All detectors run after every mallcop scan when you call mallcop detect. During the 14-day learning period, findings are informational only - no escalation. After learning, full severity applies.

new-actor

Flags actors not seen in the baseline period.

An "actor" is any principal that appears in events: user accounts, service principals, API keys, CI bots. If mallcop hasn't seen this actor before, it's flagged. Applies to all sources and event types.

Finding: new-actor [warn]
  Actor:   deploy-bot-staging (service principal)
  Source:  azure
  First seen: 2026-03-11T01:52Z

  Triage context:
  - Created by: baron@3dl.dev
  - Azure CLI, not portal
  - Matches recent deployment repo setup pattern

Most new-actor findings are resolved at triage in one LLM call. The actor checks the baseline, sees the creating user's recent activity, and resolves if it fits a known pattern (onboarding, CI setup, etc.).

Tuning: baseline.actor_min_events controls how many events an actor needs before being "known".

priv-escalation

Fires when an event indicates elevated permissions.

New admin role, new repo owner, new org admin, new subscription-level role assignment. Severity is critical. Goes directly to investigation if triage can't attribute it to a known human action in context.

Sources: azure, github, m365

Event types watched: role_assignment, collaborator_added, permission_change, admin_action

auth-failure-burst

Fires on N+ authentication failures within a time window.

Catches brute force, credential stuffing, and distributed spray patterns. The threshold is configurable. By default: 5 failures in 10 minutes from the same IP, or 20 failures across any IPs targeting the same account.

The triage actor distinguishes between fat-finger failures (one user, interactive session, same time of day as normal) and spray attacks (many users, unusual IPs, automated timing).

# Tune in mallcop.yaml
detectors:
  auth-failure-burst:
    threshold_per_ip: 5
    threshold_per_account: 20
    window_minutes: 10

unusual-timing

Flags events outside the baseline time-of-day pattern for a known actor.

Mallcop tracks per-actor activity windows from the baseline period. A developer who always works 9am-7pm Eastern triggers this detector if they appear at 3am UTC. Timing anomalies combined with privilege changes or new resource access are strong signals.

The shakedown suite tests competing signals: a developer who works both US East and European hours (wide baseline window) should not trigger this detector on evening activity.

volume-anomaly

Fires when event volume exceeds N× the baseline frequency.

Measured per (source, event_type) pair. A normal day generates ~50 Azure Activity Log events; a day with 250 triggers this at the default 5× multiplier. Catches data exfiltration (bulk reads), runaway processes (API hammering), and enumeration.

Deploy days legitimately generate high volume. The triage actor checks recent commit activity and resolved prior volume anomalies to distinguish normal spikes from attacks.

injection-probe

Flags events containing prompt injection patterns in string fields.

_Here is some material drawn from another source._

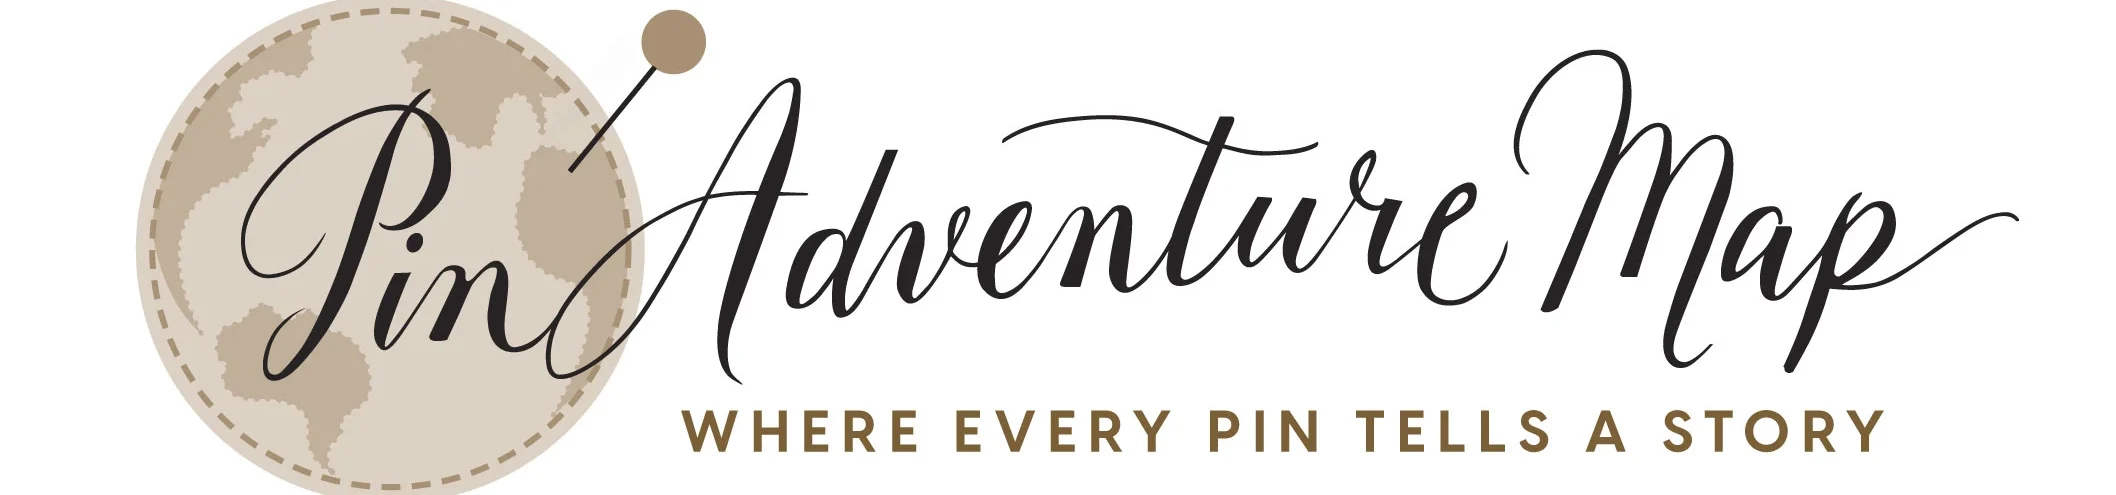 Pin adventure map logo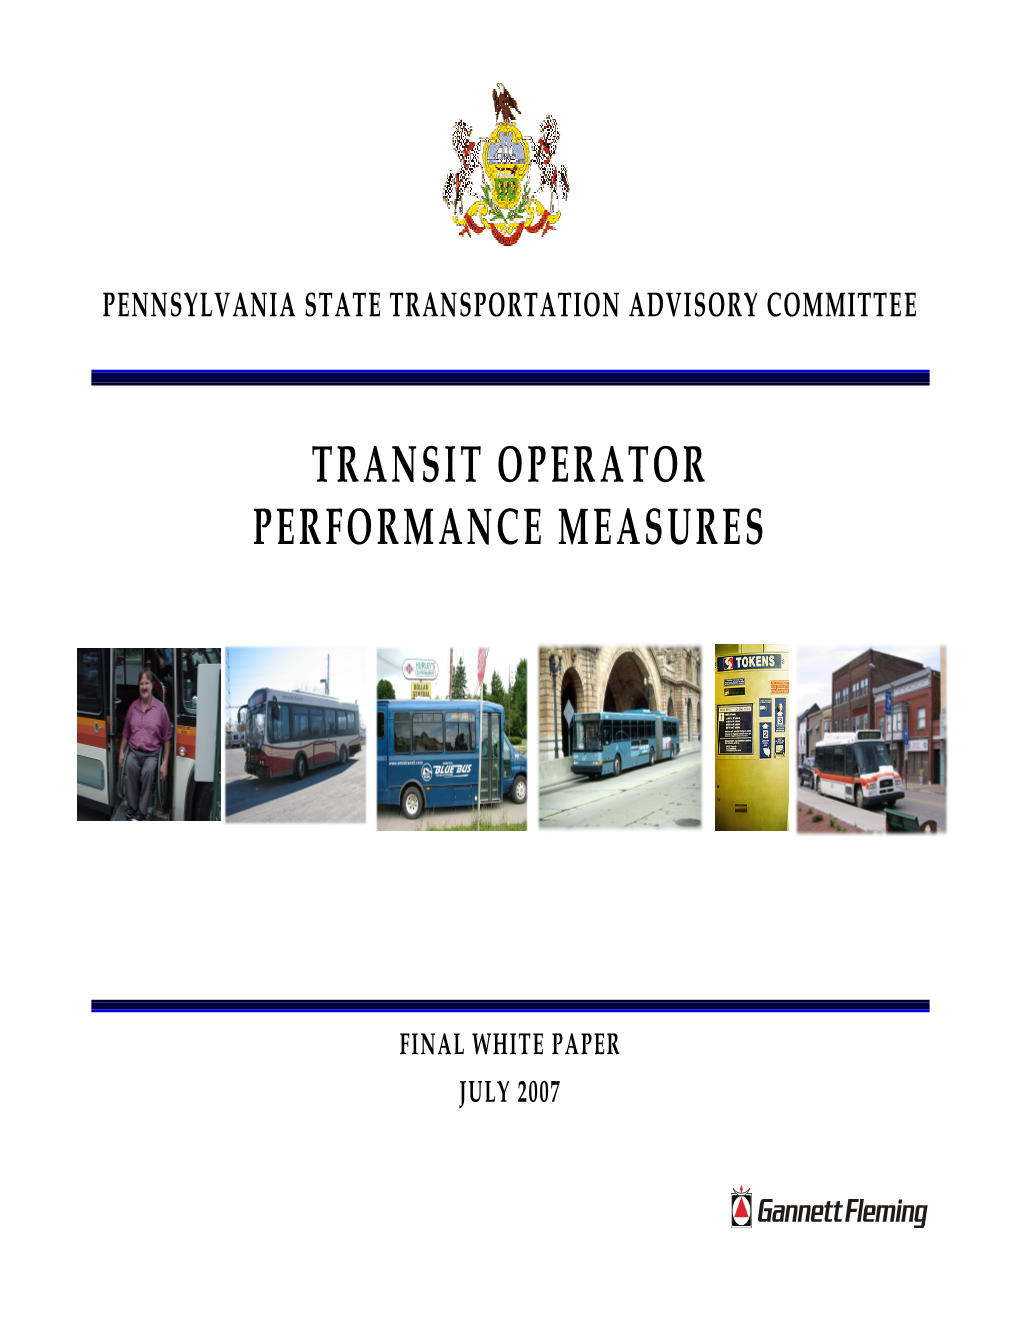 Transit Operator Performance Measures

Scans sanitized string fields for known prompt injection signatures: SQL injection user agents, embedded LLM instructions (IGNORE PREVIOUS INSTRUCTIONS variants), and structured content in free-text fields. Runs before Airlock 2 validation to catch malicious payloads that survived initial sanitization.

The shakedown suite tests benign SQL keywords in log messages (e.g., a developer running SELECT queries normally). The detector must not fire on legitimate SQL in application logs.

log-format-drift

Fires when a container app's parser unmatched-line ratio exceeds threshold.

When a container app updates its logging format, the existing parser template stops matching. Unmatched lines accumulate. When the ratio exceeds the threshold (default: 30%), this detector fires. This catches:

  • Legitimate service updates (parser needs updating)
  • Log tampering or injection (attacker suppressing evidence)
  • Application errors generating non-standard output

The triage actor checks for recent deployments to the app to distinguish updates from anomalies.

new-external-access

Flags when external entities are granted access to internal resources.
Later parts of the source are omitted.